Wenn jedoch alle Elkos und Papierkondensator getauscht werden sollen, weil das Radio vielleicht Jahrzehnte in einem feuchten Keller vermoderte, dann fängt man mit dem Netzteil an und prüft es danach. Dann arbeitet man sich am Lautsprecher beginnend Stufe für Stufe bis zur Antenne vor und prüft jeden einzelnen Schritt und überprüft dabei die Funktion des Radios.
Grundig 97 S im Dämmerlicht.
Skala, Magisches Auge und Tastensatz.
Das Radio spielte jedenfalls nach dem Zusammenbau einwandfrei und war empfindlich. Ein leichter Brumm trat hauptsächlich durch die Vibrationen des Netztrafos auf. Sehr erfreut war ich über das Leuchten des Magischen Auges.
Brumm beseitigen: Nach einer Weile stellte sich jedoch ein satter leiser Brumm ein, der sich erst ein paar Minuten nach dem Einschalten richtig bemerkbar machte. Der Brumm ist tief und satt, und er ist nur bei leiser Wiedergabe zu hören. Üblicherweise waren erst der Lade- und Siebelko des Netzteils in Verdacht. Es war aber ein Feinschluss zwischen der Kathode und dem Heizfaden der Audio-Endstufen-Pentode EL84. Der Fehler kann bei der EL84 öfters auftreten. Nach dem Austausch der EL84 war an einer externen Lautsprecherbox kein Brumm mehr zu hören. Als das Chassis wieder mit dem Gehäuse vereint war, war allerdings wieder ein ganz leichter Brumm zu vernehmen. Dieser stammt vom Netztrafo selbst her und unglücklicherweise besitzt das Gehäuse eine Resonanzfrequenz, die der Netzfrequenz entspricht. Scheppert die Wiedergabe, muss das Skalenglas besser befestigt werden. Dazu reicht es die keilförmigen Blechlaschen weiter nach innen umzubiegen. Außerdem sollten alle Schrauben am Gehäuse und am Lautsprecher nachgezogen werden.

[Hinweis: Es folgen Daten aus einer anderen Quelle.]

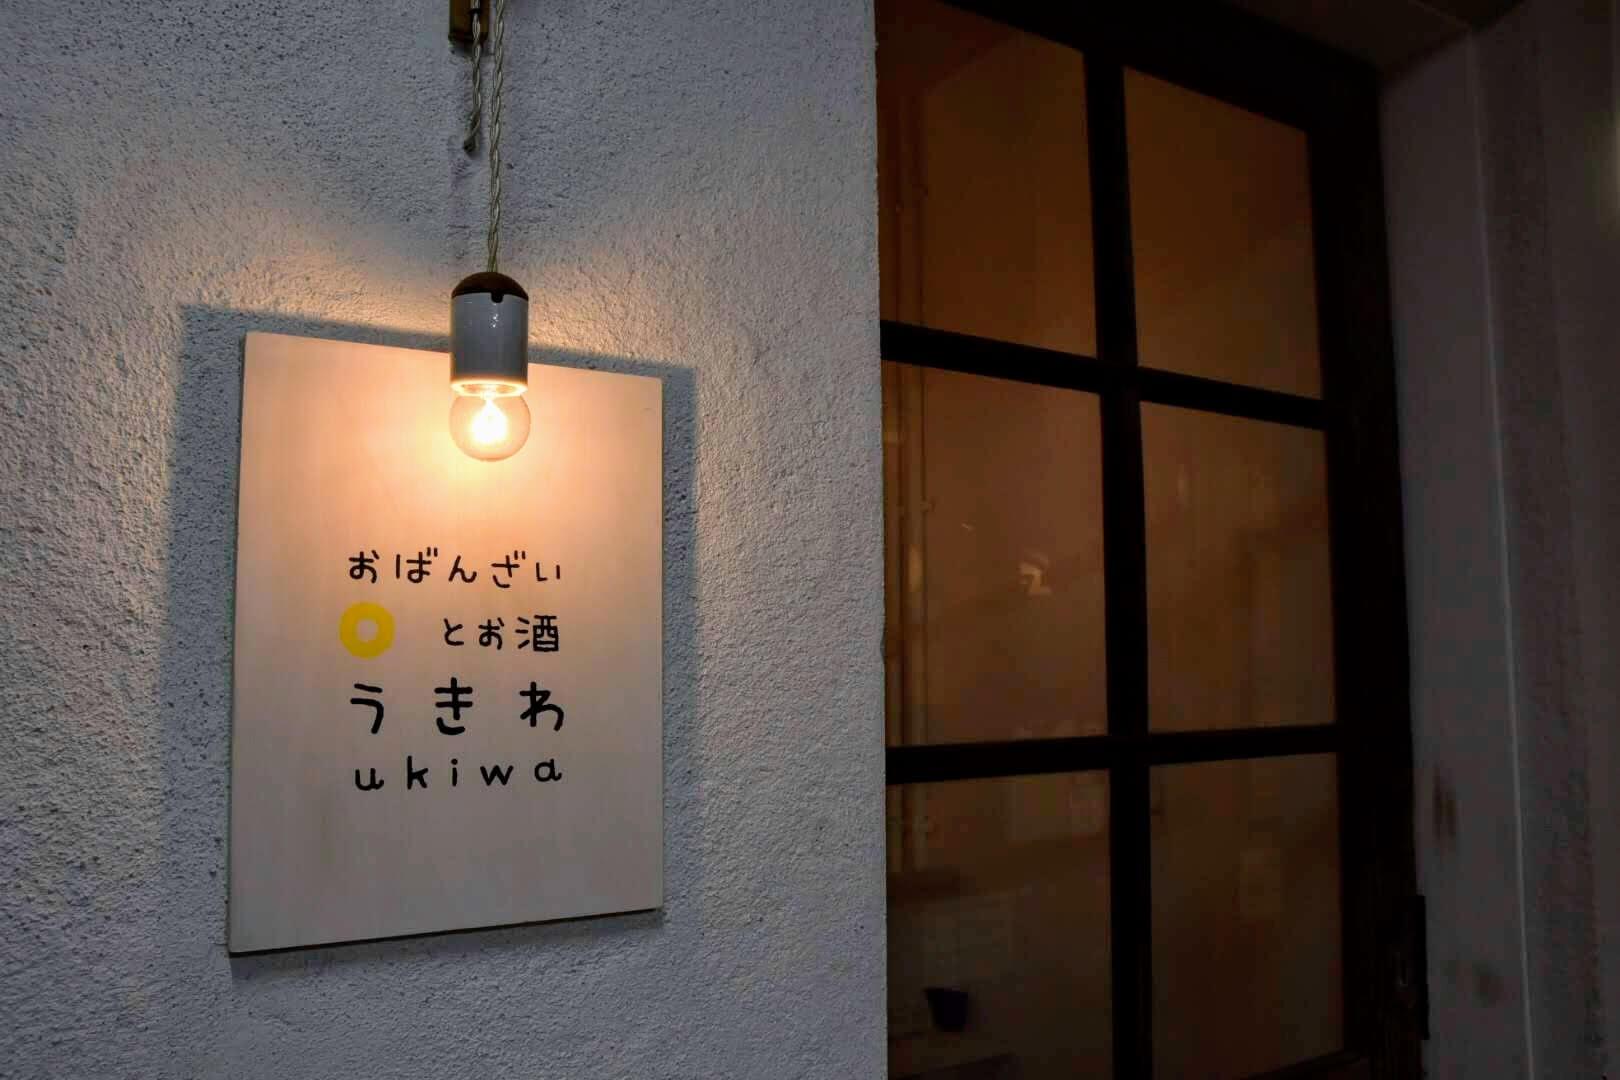 うきわ(ukiwa)|姉妹が作るおばんざいと種類豊富なお酒が味わえるお店
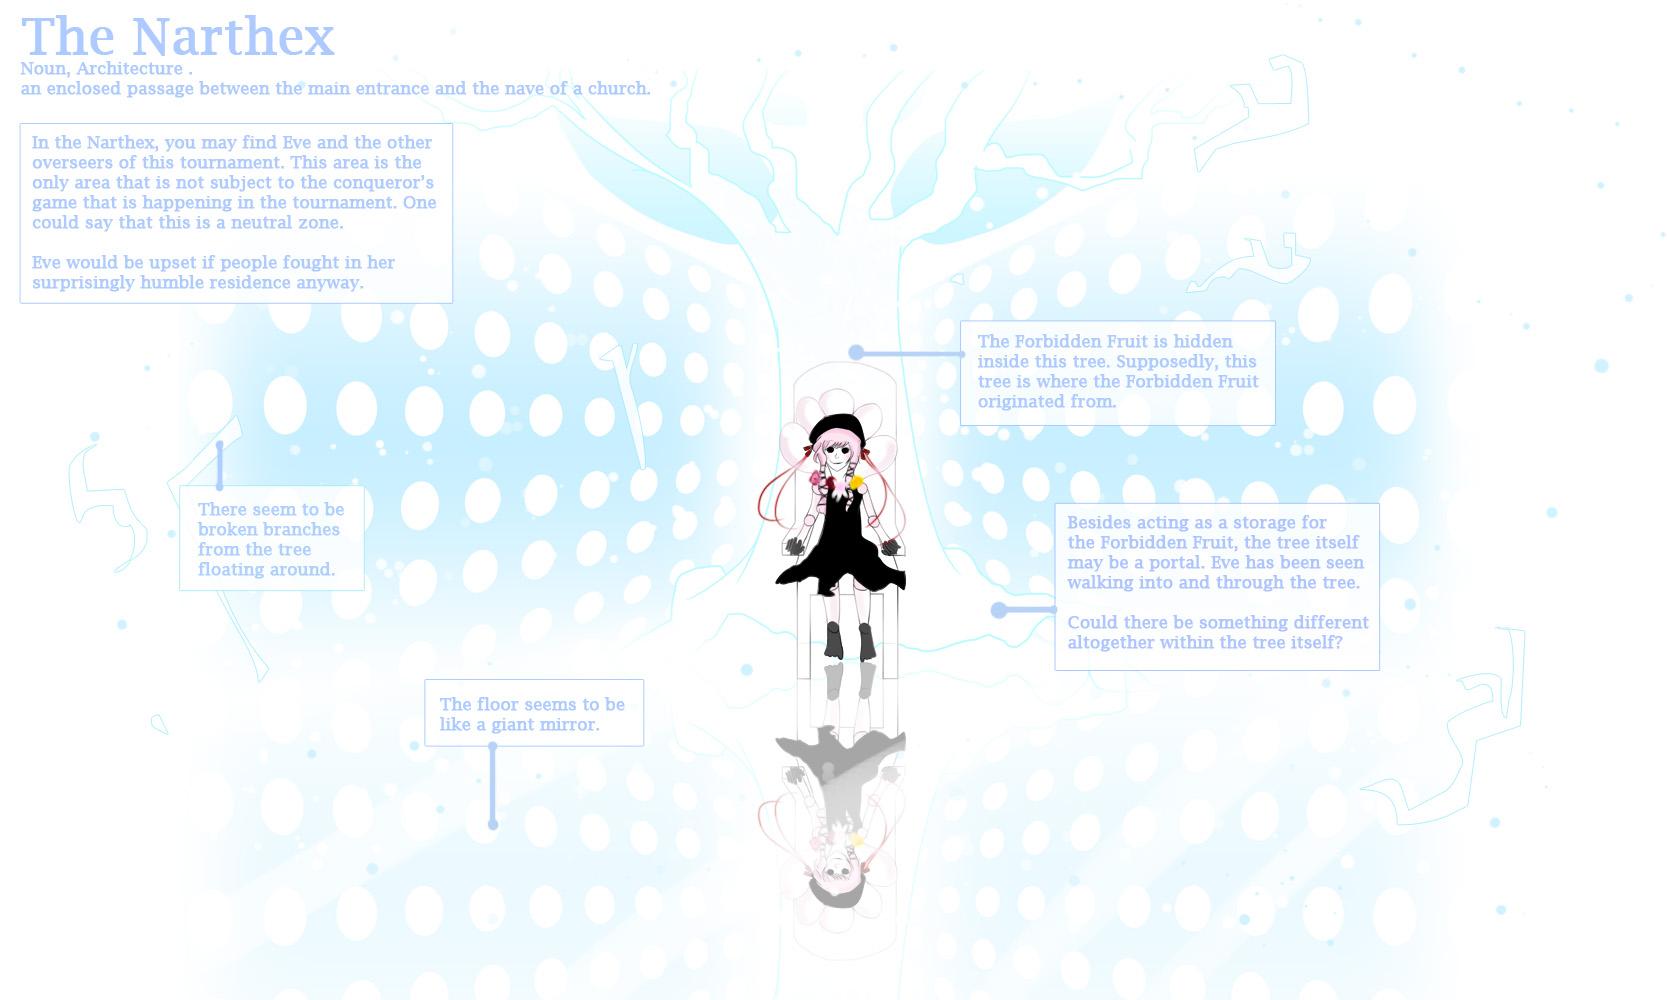 Eden: The Narthex by Iris-Angelus

Wer in einem Rundumschlag einfach so alle Papierkondensatoren und Elkos getauscht hätte, weil man das angeblich immer so machen muss, hätte eine große Enttäuschung erlebt! Es wurde zur Sicherheit nur in Serie zum Steuergitterkoppelkondensator der EL84 ein moderner Kondensator von 100 nF geschaltet. Der Kondensator, welcher in Serie zum Klangregler-Potentiometer liegt, bekam ebenfalls ein Kondensator von 100 nF. Dann wurde die EL84 getauscht. Das Ergebnis war ein brummfreier und glockenreiner Klang, der nur auf UKW in Verbindung mit einem externer Lautsprecherbox voll zur Geltung kam.
Anschluss eines externen Lautsprechers: Das Radio bietet die Möglichkeit einen externen Lautsprecher über zwei Bananenbuchsen parallel zum eingebauten Lautsprecher zu schalten. Aber dann läuft der interne Lautsprecher leider noch mit. Wer das Potential von diesem Radio wirklich ausschöpfen will, der klemmt den internen Lautsprecher ab und hört nur über eine gute externe Lautsprecherbox. Der Klang ist beeindruckend.
Es besteht die Möglichkeit einen kleinen Kippschalter in einem Loch der Rückwand zu befestigen, ohne dafür das Gehäuse oder die Rückwand beschädigen zu müssen. Mit diesem Kippschalter kann dann zwischen dem externen und internen Lautsprecher umgeschaltet werden. Dieser Eingriff kann jederzeit ohne die Hinterlassung von Spuren rückgängig gemacht werden, was dem Wunsch einer originalgetreuen Restaurierung entspricht.